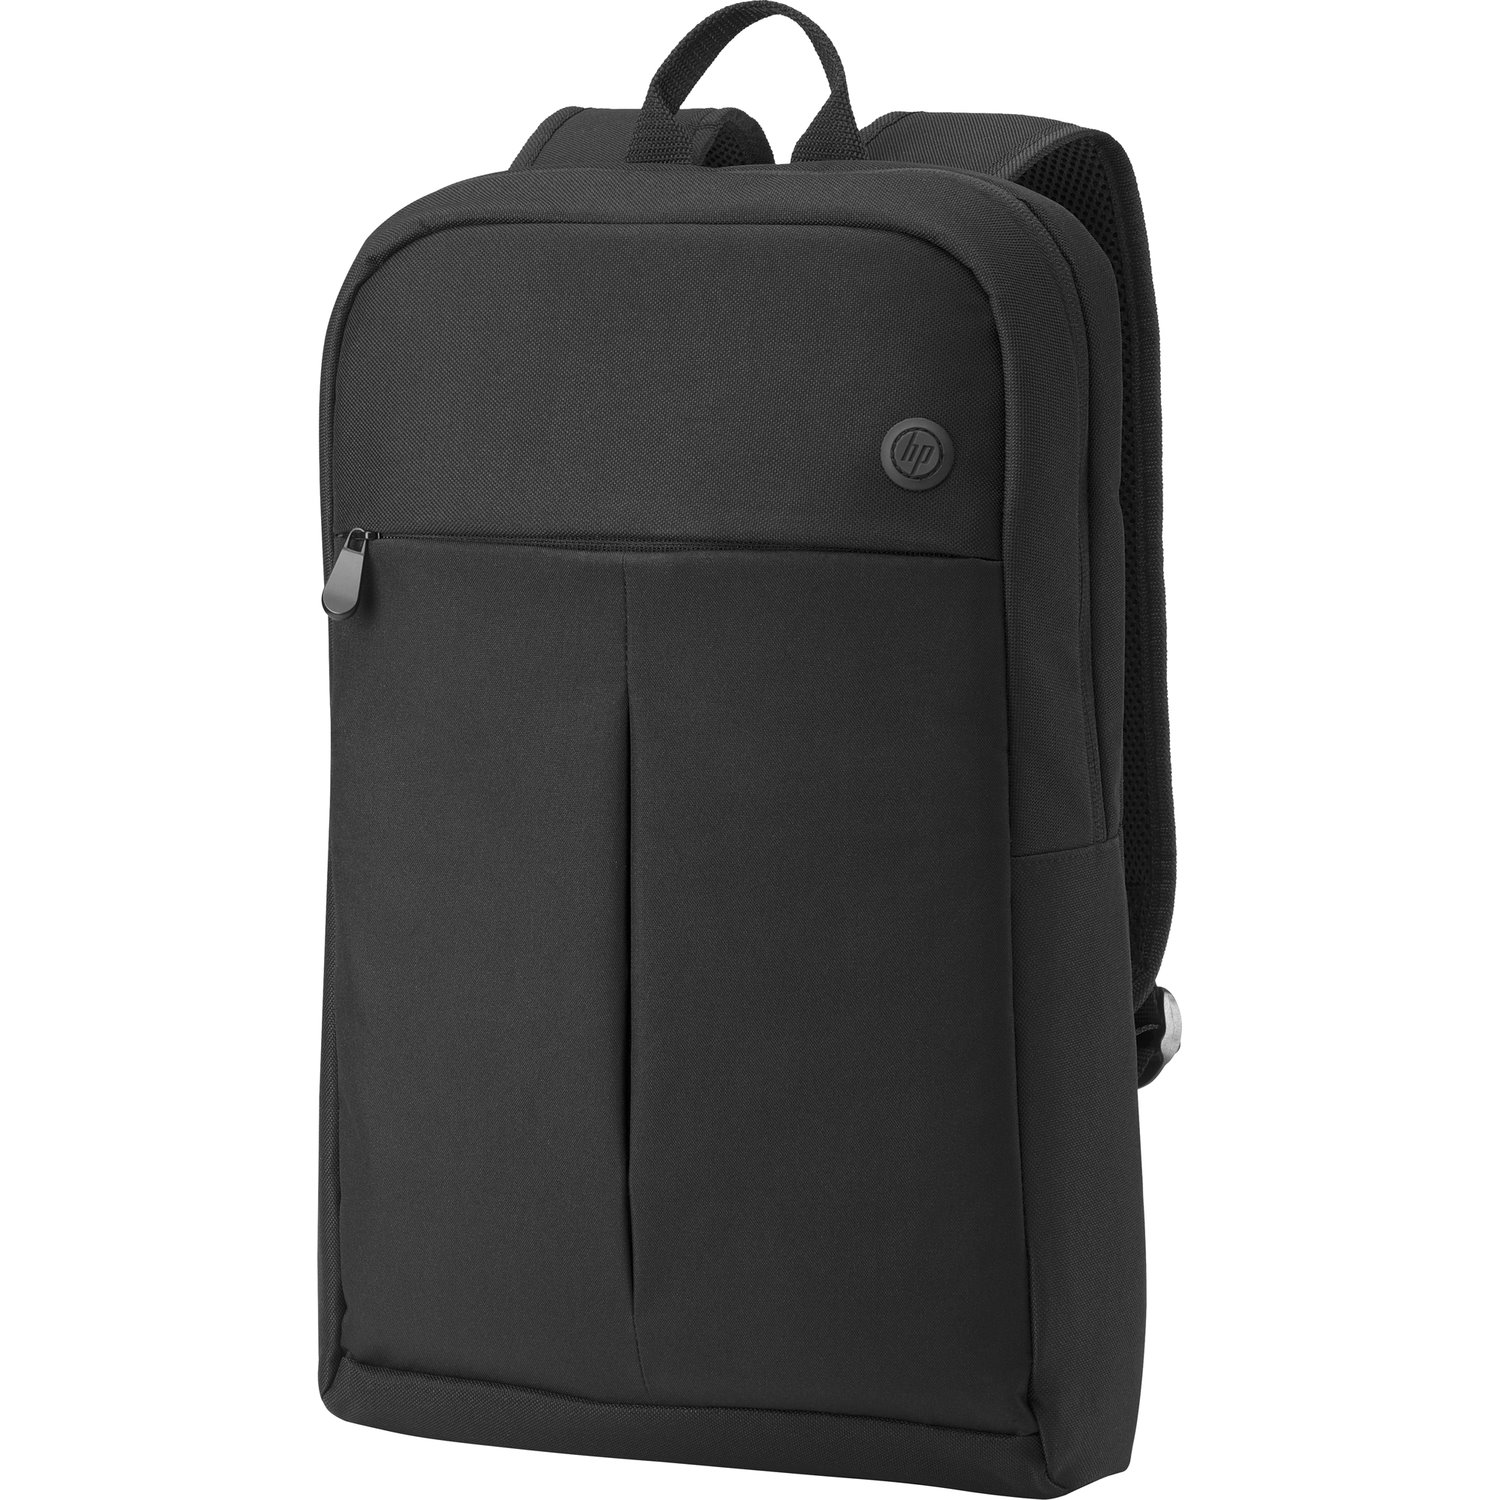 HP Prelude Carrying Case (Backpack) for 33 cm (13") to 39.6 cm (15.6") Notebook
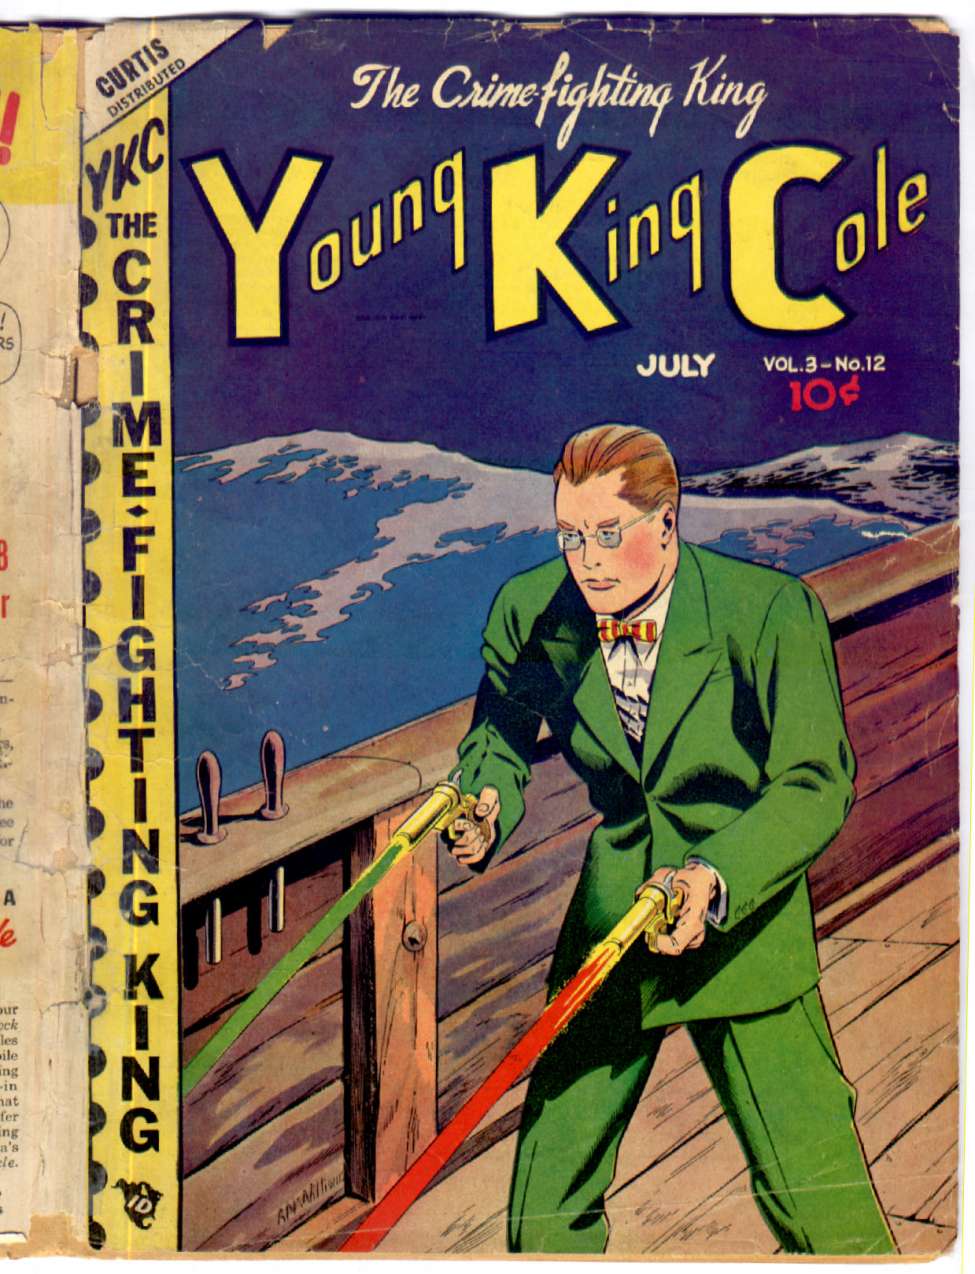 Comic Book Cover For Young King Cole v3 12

...

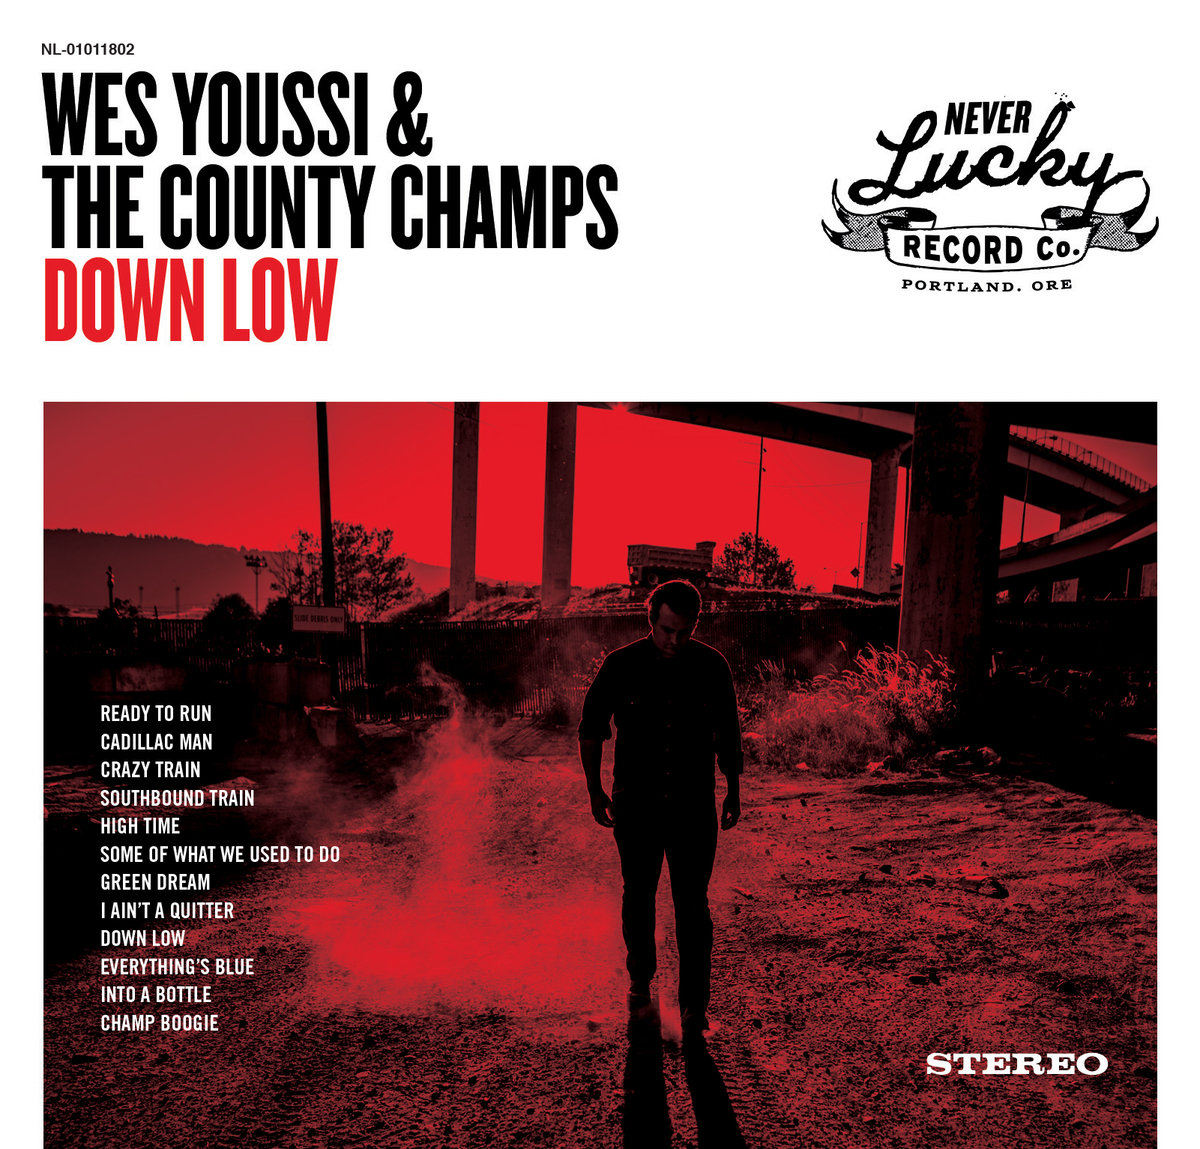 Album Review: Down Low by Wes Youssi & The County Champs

* * *

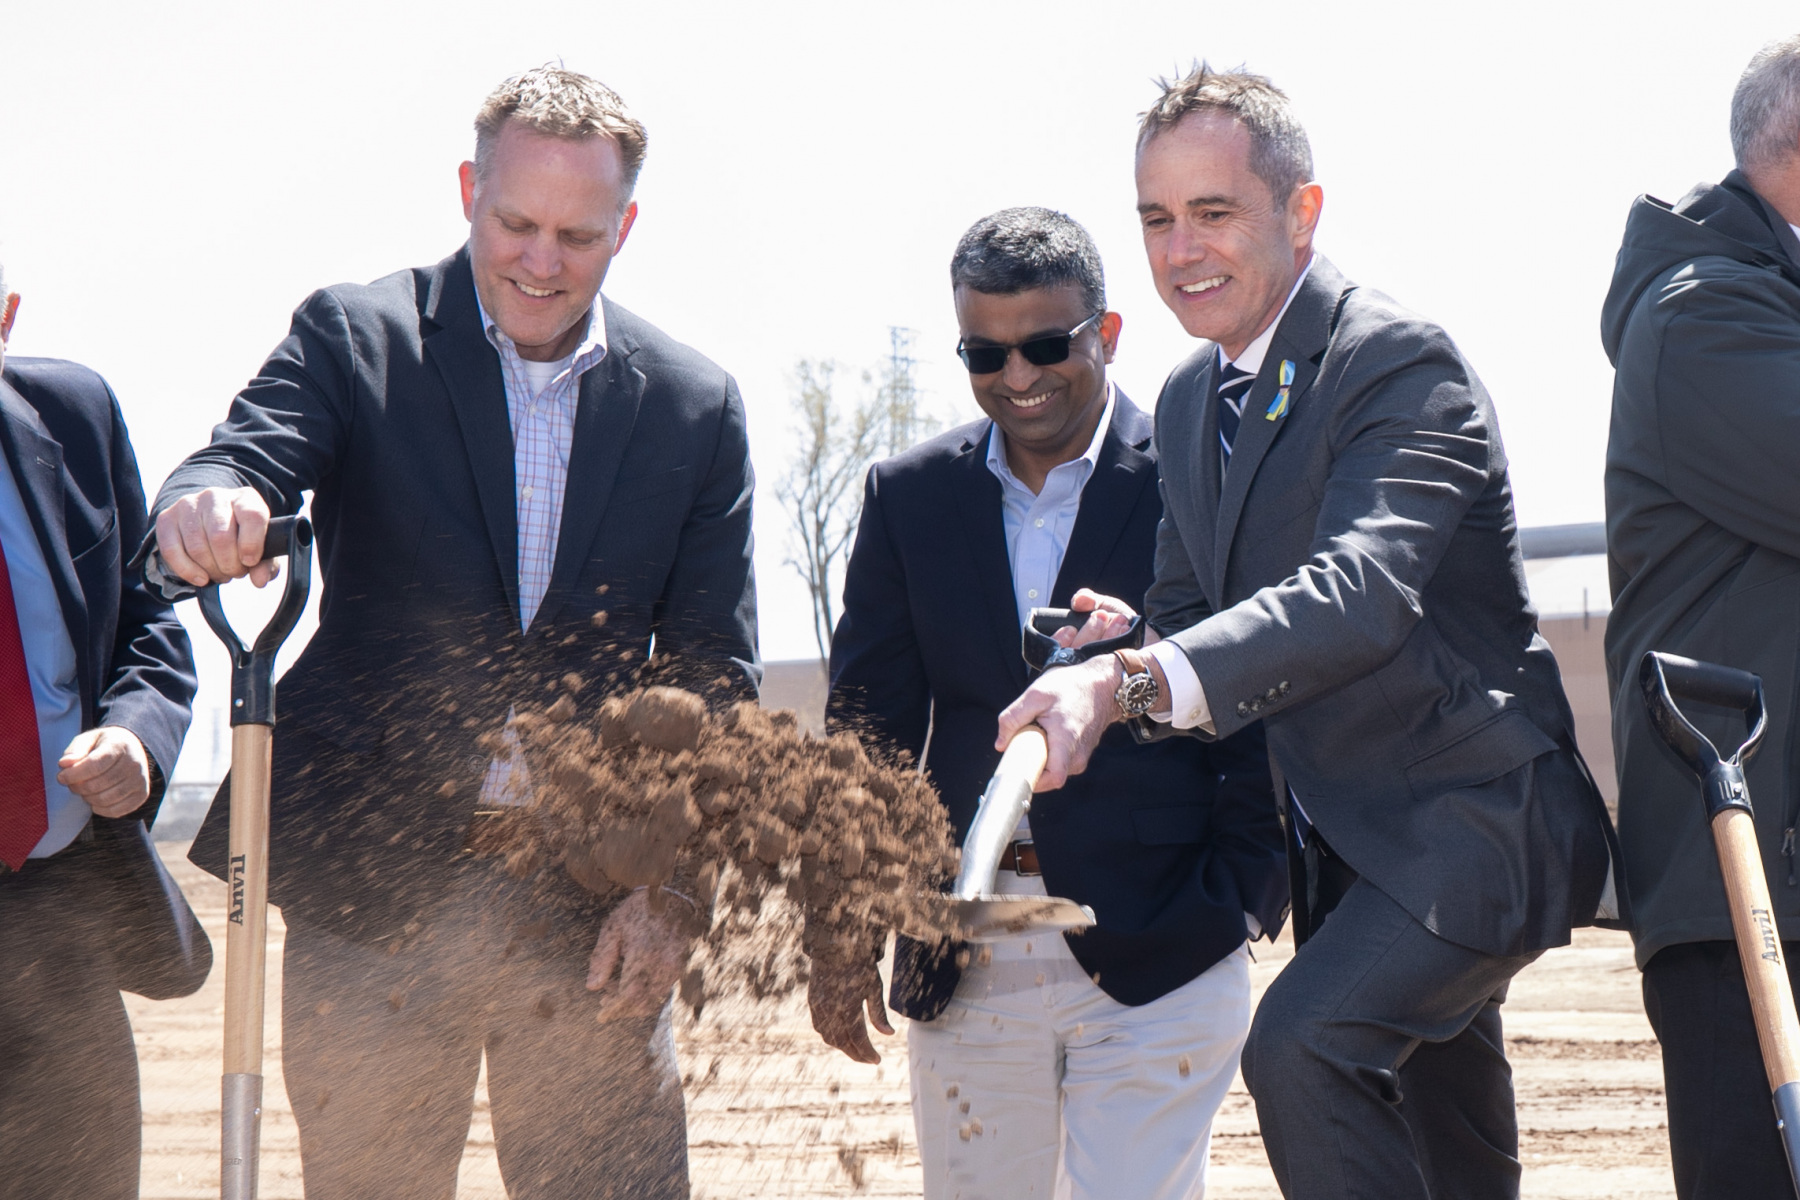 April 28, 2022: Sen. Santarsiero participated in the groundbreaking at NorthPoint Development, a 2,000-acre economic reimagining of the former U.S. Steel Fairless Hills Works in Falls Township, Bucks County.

**Directions**
Of the records above, print only the lines from the one containing "HP Prelude Carrying" through the one containing "Comic Book Cover For Young King Cole v3 12", inclusive and unaltered, leaving out pictures.

**Written answer**
 HP Prelude Carrying Case (Backpack) for 33 cm (13") to 39.6 cm (15.6") Notebook
 Comic Book Cover For Young King Cole v3 12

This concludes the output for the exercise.